# Mixing Kibble With Dehydrated Raw



## LProf (Nov 12, 2013)

I feed my three senior dogs, 13, 10, and 9 years old, kibble and am thinking that I would like to mix in some dehydrated raw. Is there a problem doing that? Or would it be better for them if I used canned food as a topper?


----------



## chowder (Sep 7, 2008)

Are you mixing it in for flavor or for variety or for what reason? The dehydrated raw is extremely expensive and kind of like dried bricks of sawdust until you mix it with water - at which point you have something about the same consistency of canned. Now, most dogs love it - I call it doggie crack for dogs, and Stella and Chewy's makes a meal mixers just for the purpose of mixing with kibble. So if you are adding it for flavor or to get them to eat or as training treats, I don't think there's a problem with it. But you could add canned 95% meat or 100% meat varieties of a high quality brand canned, or you could cook some homemade meals and add them to their kibble periodically for added variety. You have a wide range of things you can do in addition to just the kibble.


----------



## Herzo (Feb 5, 2011)

I do almost all of it for my 2 that eat kibble. I bought the freeze dried because it was on sale and I wanted to see what it was like. They liked it. I would let it soak all day in water then use as a topping. I just think dry kibble is so boring. The canned was just too expensive so now I am getting meat, pork,chicken or beef when I can get it on a good sale and just making my own. I add different things that they of course don't need like sweet potatoes, extra zucc from my garden just to use it up. Sometimes brown rice or barley to cheapen it up even more. I know it's not all necessary but I do it anyway. The way I am figuring it is my kibble is mostly over $2.65 or so a pound so I can buy people meat for cheaper than that.

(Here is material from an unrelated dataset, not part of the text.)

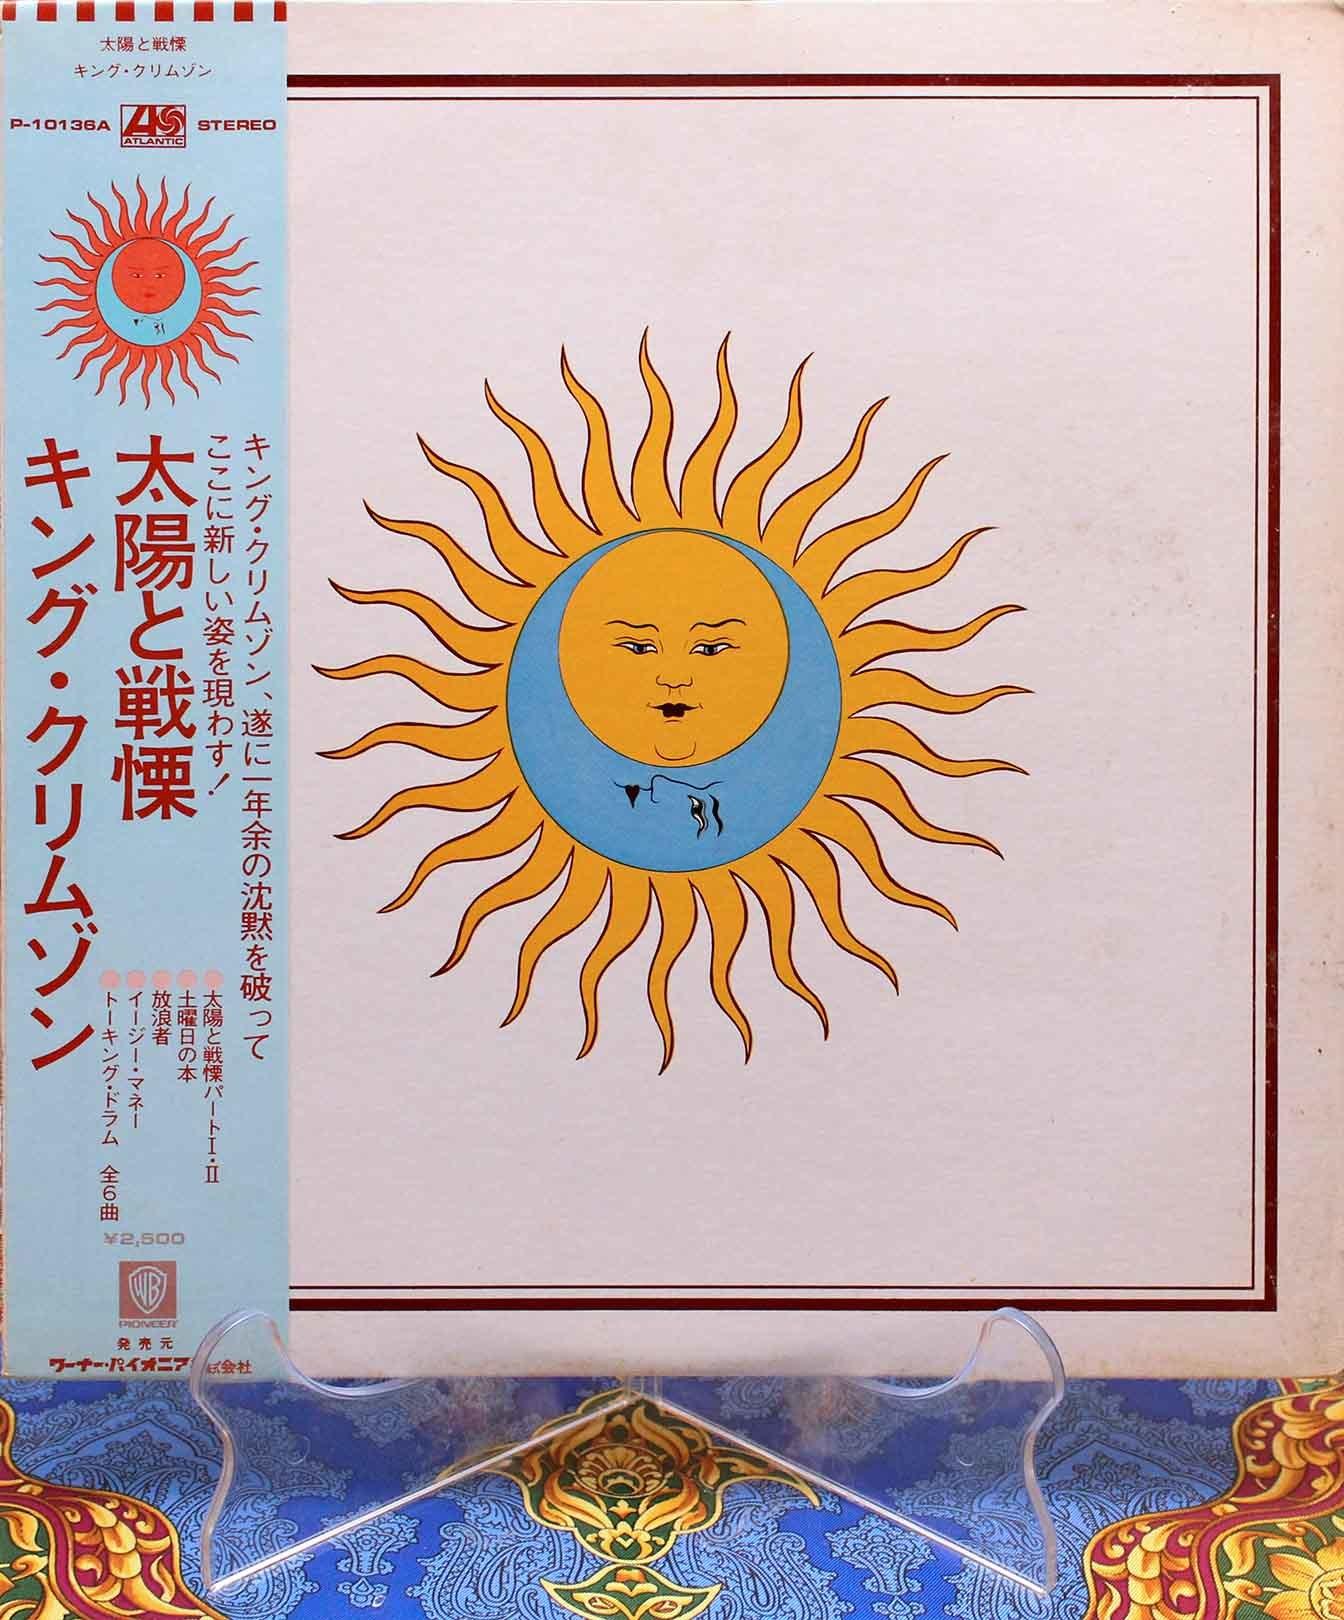 King Crimson – Larks Tongues In Aspic 01

Come to think of it not sure why I'm not going straight raw. Know I do know why ..... really it makes sense to me


----------



## PomskyMom (Sep 12, 2016)

Why are you wanting to mix raw with kibble? I mix canned with kibble and my dogs love that.


----------



## LProf (Nov 12, 2013)

i wanted to give them some raw, but am now using canned as a topper and that seems to be working well.


----------



## naturalfeddogs (Jan 6, 2011)

I think I would stick with the canned to mix with kibble, to be safe. If you are going to use raw, I would feed them in two separate meals.


----------



## Herzo (Feb 5, 2011)

I agree. When Richter eats raw like this morning I do not mix it. He may eat kibble tonight and he may eat raw. Life is so unexpected.


----------